*EXTRACTED RECORDS*:
'''

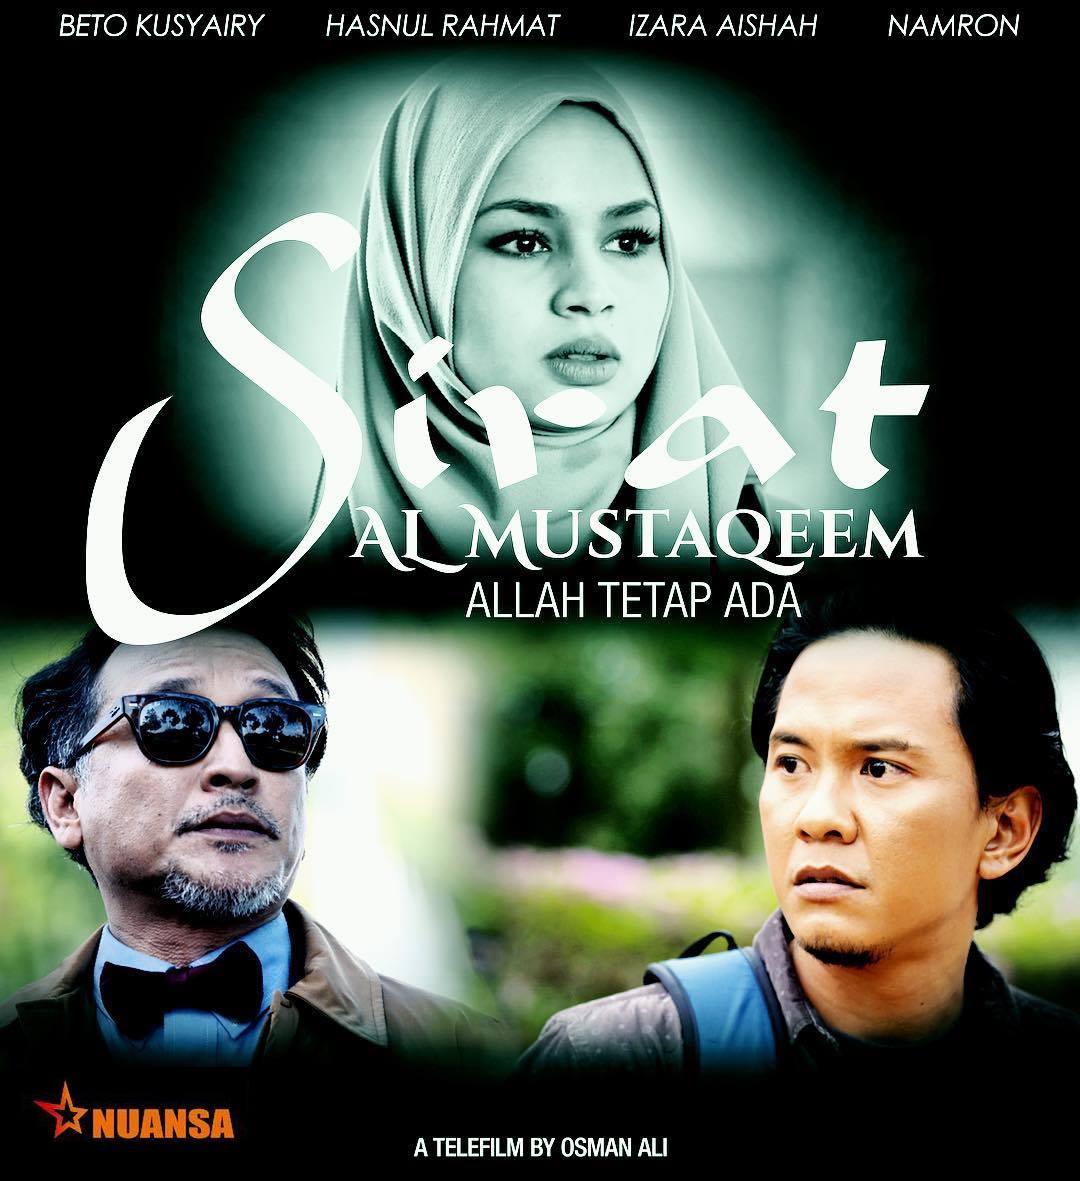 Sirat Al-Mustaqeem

'''
'''

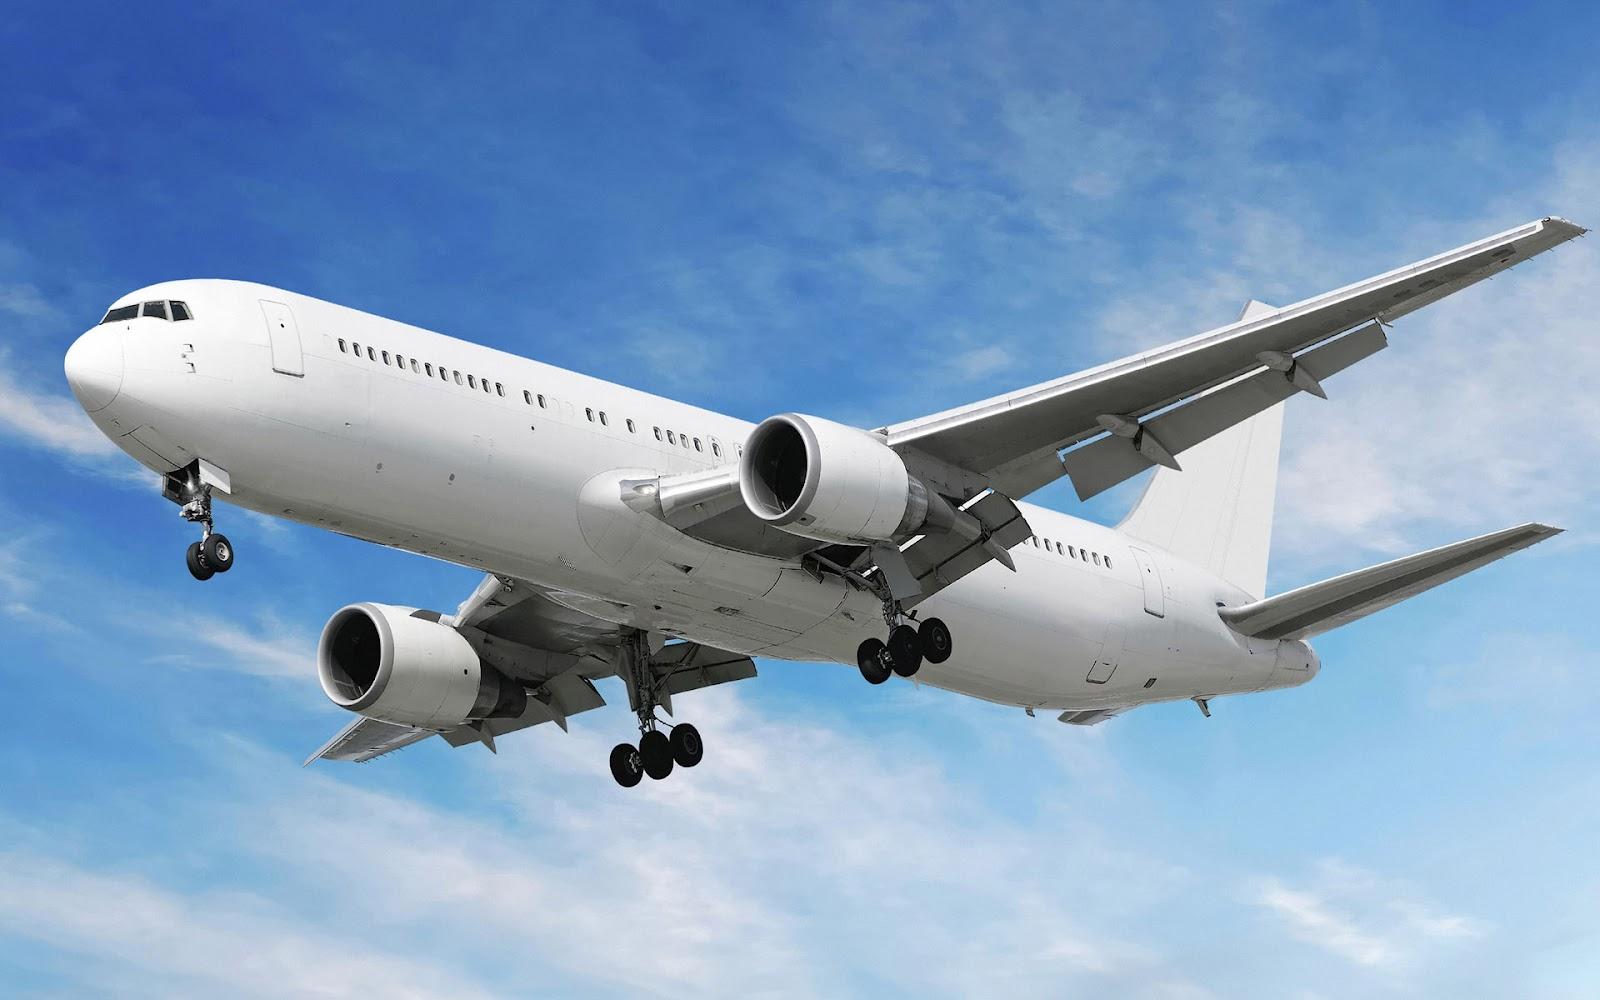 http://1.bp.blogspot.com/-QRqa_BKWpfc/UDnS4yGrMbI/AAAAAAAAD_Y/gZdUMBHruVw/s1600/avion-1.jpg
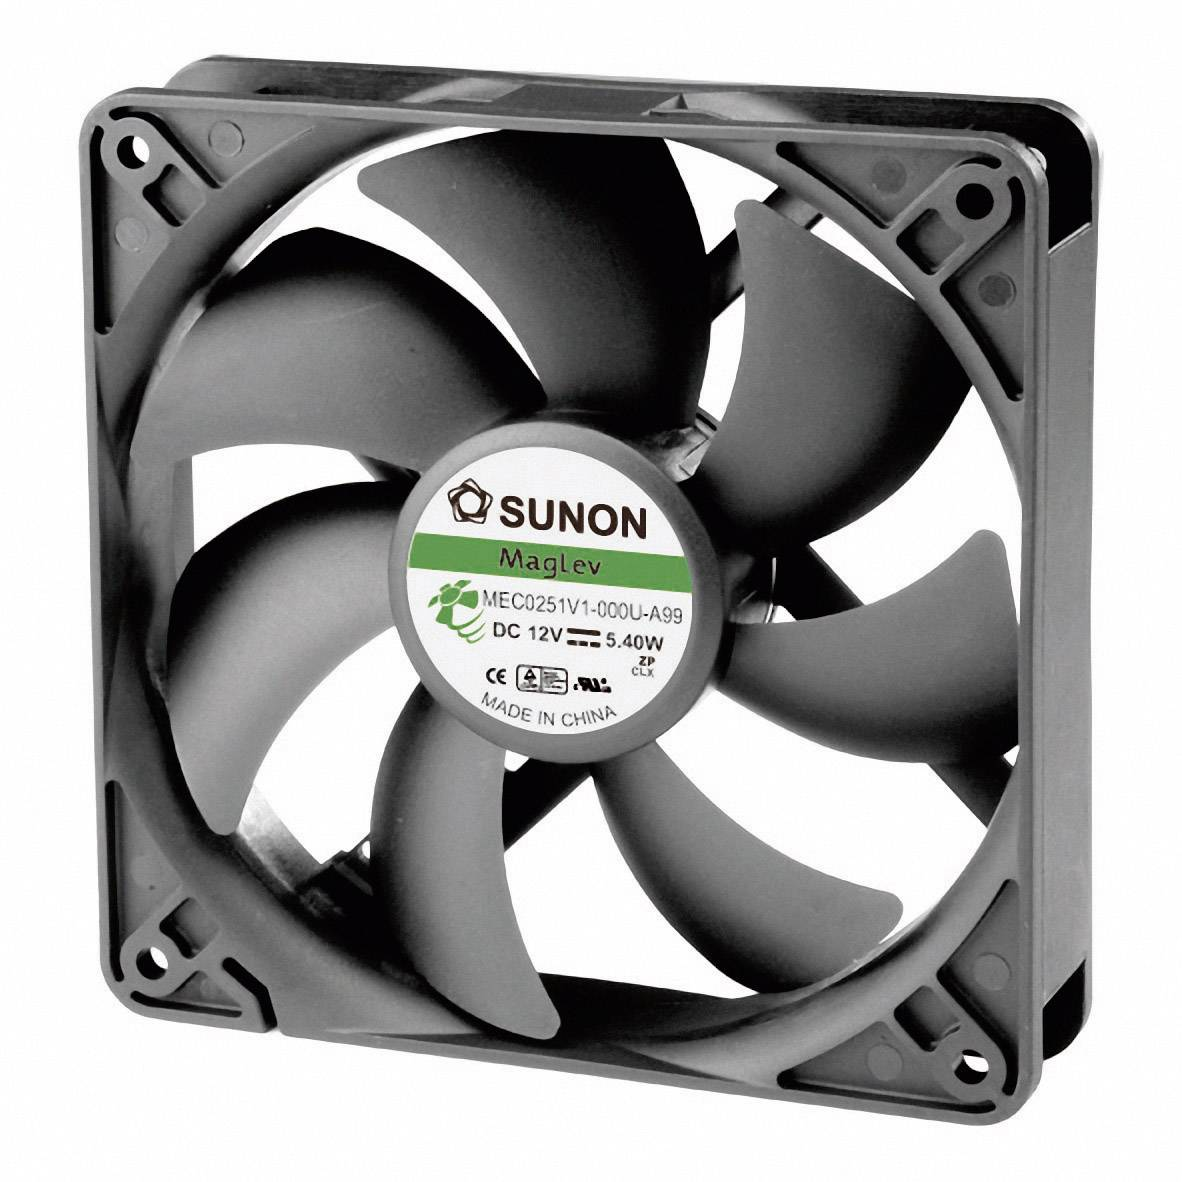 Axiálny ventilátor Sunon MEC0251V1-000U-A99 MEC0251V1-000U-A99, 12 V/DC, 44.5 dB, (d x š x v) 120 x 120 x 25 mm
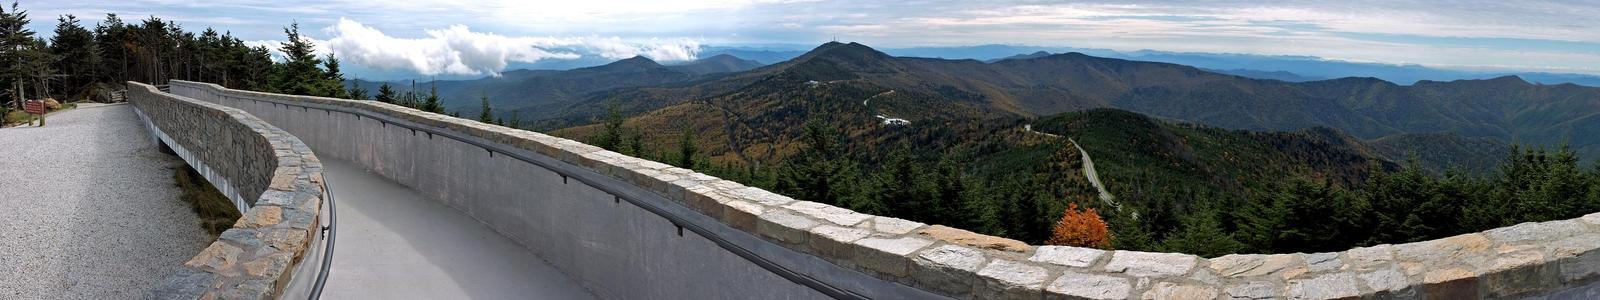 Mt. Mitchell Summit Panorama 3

'''
'''

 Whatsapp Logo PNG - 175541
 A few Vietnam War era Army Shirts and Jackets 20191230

'''

*WORK INSTRUCTION*:
Give the lines above again exactly, from the one containing "Axiálny ventilátor Sunon" to the one containing "Mt. Mitchell Summit Panorama 3", both included, but leave out the pictures.

*ANSWER BOX*:
 Axiálny ventilátor Sunon MEC0251V1-000U-A99 MEC0251V1-000U-A99, 12 V/DC, 44.5 dB, (d x š x v) 120 x 120 x 25 mm
 Mt. Mitchell Summit Panorama 3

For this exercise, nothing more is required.